An hour after Jack left, I find myself in the same spot on the floor, still shaking, still crying. Everything happened so fast and my heart hurts too much that I cant even bring myself to move. Again, my heart is shattered by no one else but Jack. He is the only person that has ever come close to my heart and he was the one who broke it, over and over again. I once thought we were the exception to all heart break and misery, turns out I was wrong. If I was right I wouldnt be sitting on my floor broken into billion of peices, all of which form a Jack shaped hole in my heart. You might say that I have no one else to blame but myself and I agree but loving someone means to let them go when you cant love them the way they deserve, I truly belive Gabbie will treat Jack better than me. Maybe its my lack of self confidence that I dont belive I can do the same but who knows.

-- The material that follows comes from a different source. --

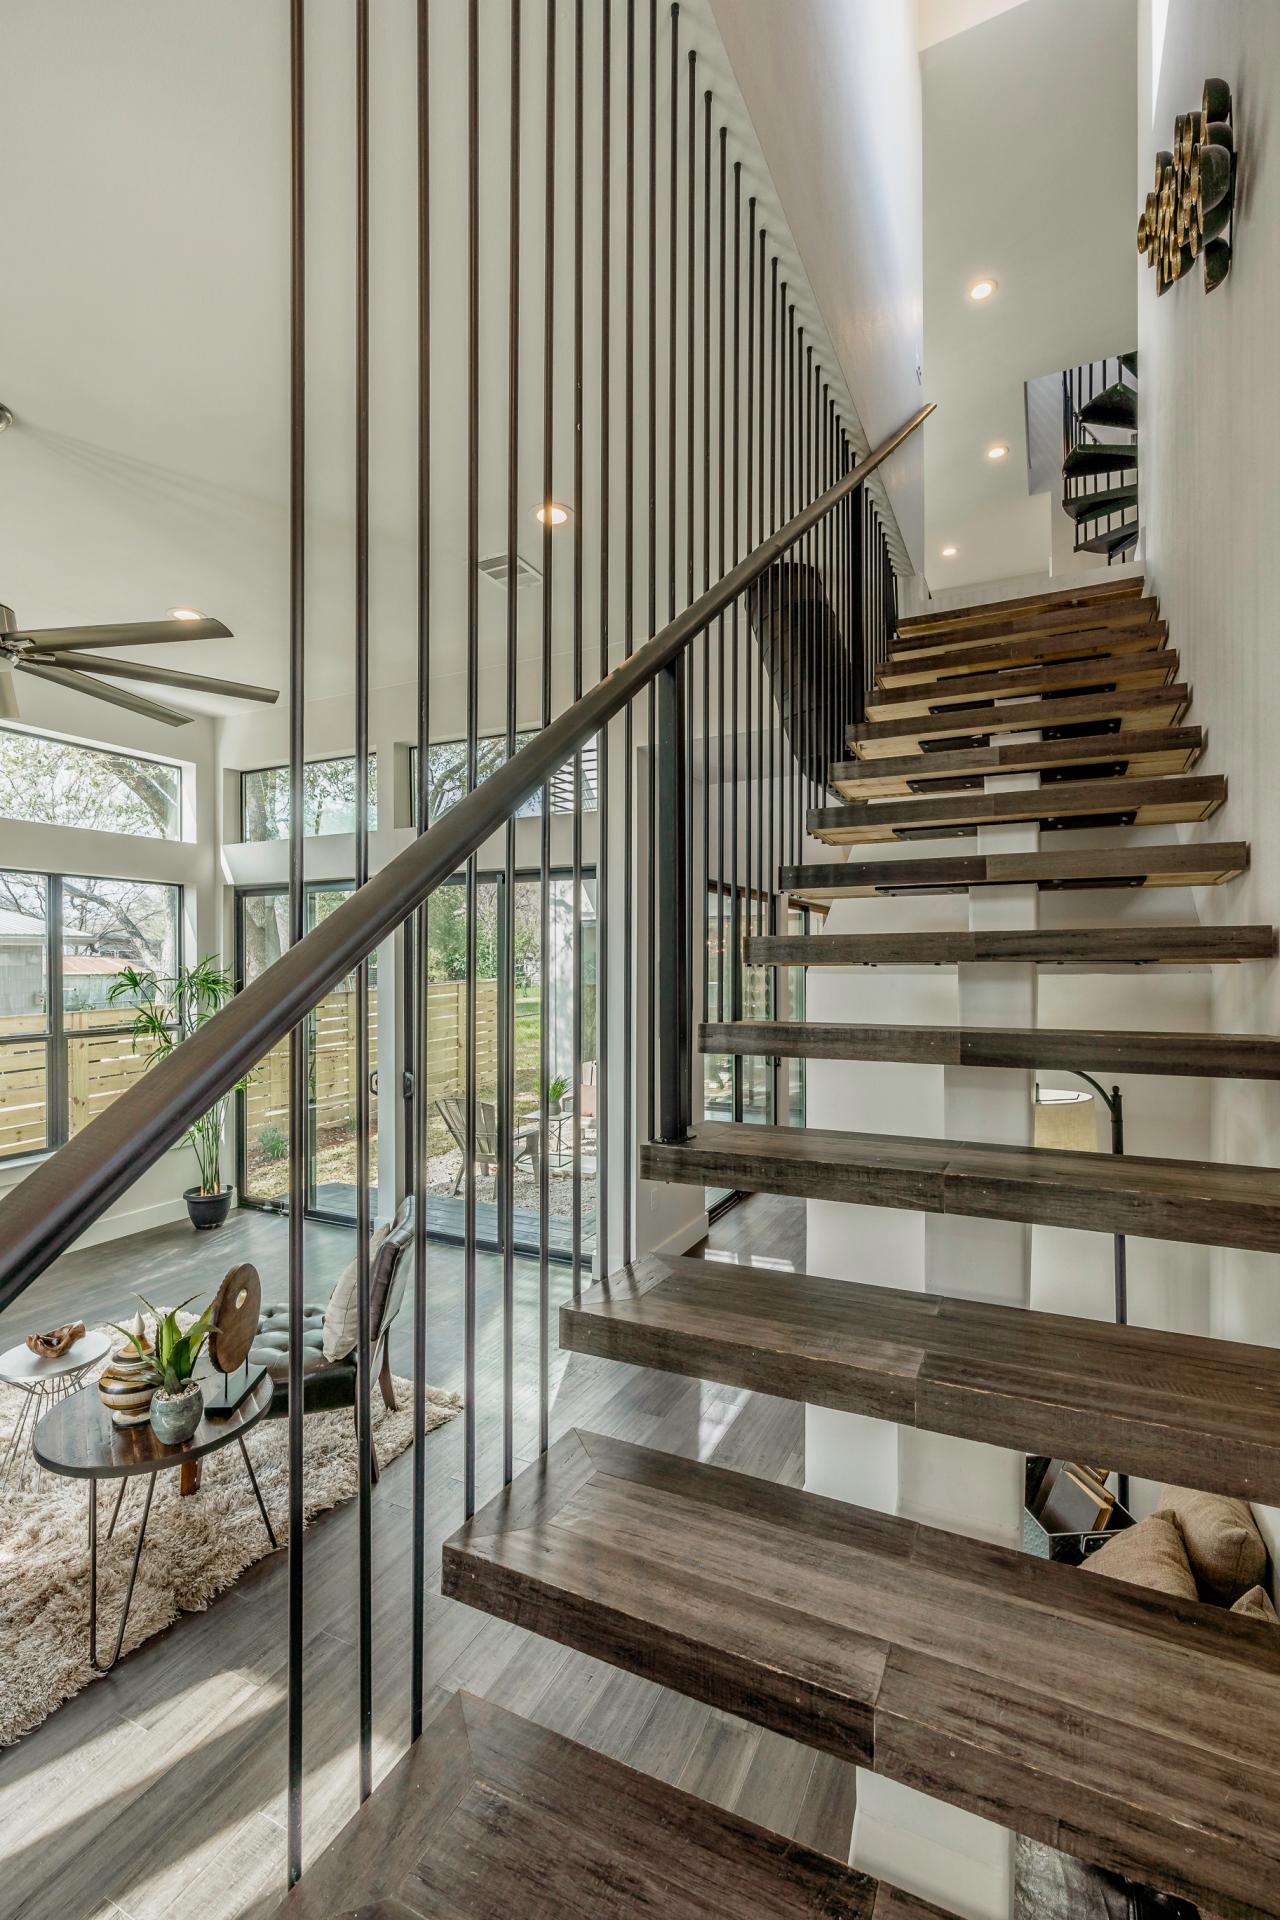 Unique Options for Stair Railing at Home

My phone rings in the silence of my own apartment and I let it ring, refusing to answer. I havent stopped crying, I doubt the person on the other end of the phone wil be able to understand what I'm saying if I choose to answer. I turn my head to glance over at my phone and see Jonahs name plastered on the screen along with various texts from him and the other boys when the ringing finally stops. If I wanted to talk to anyone right now then it would be Jonah, he seems to always be there even when I dont even know that I need him. Another texts pops up on my phone and I can just make out whay it says through the tears that have built up in my eyes.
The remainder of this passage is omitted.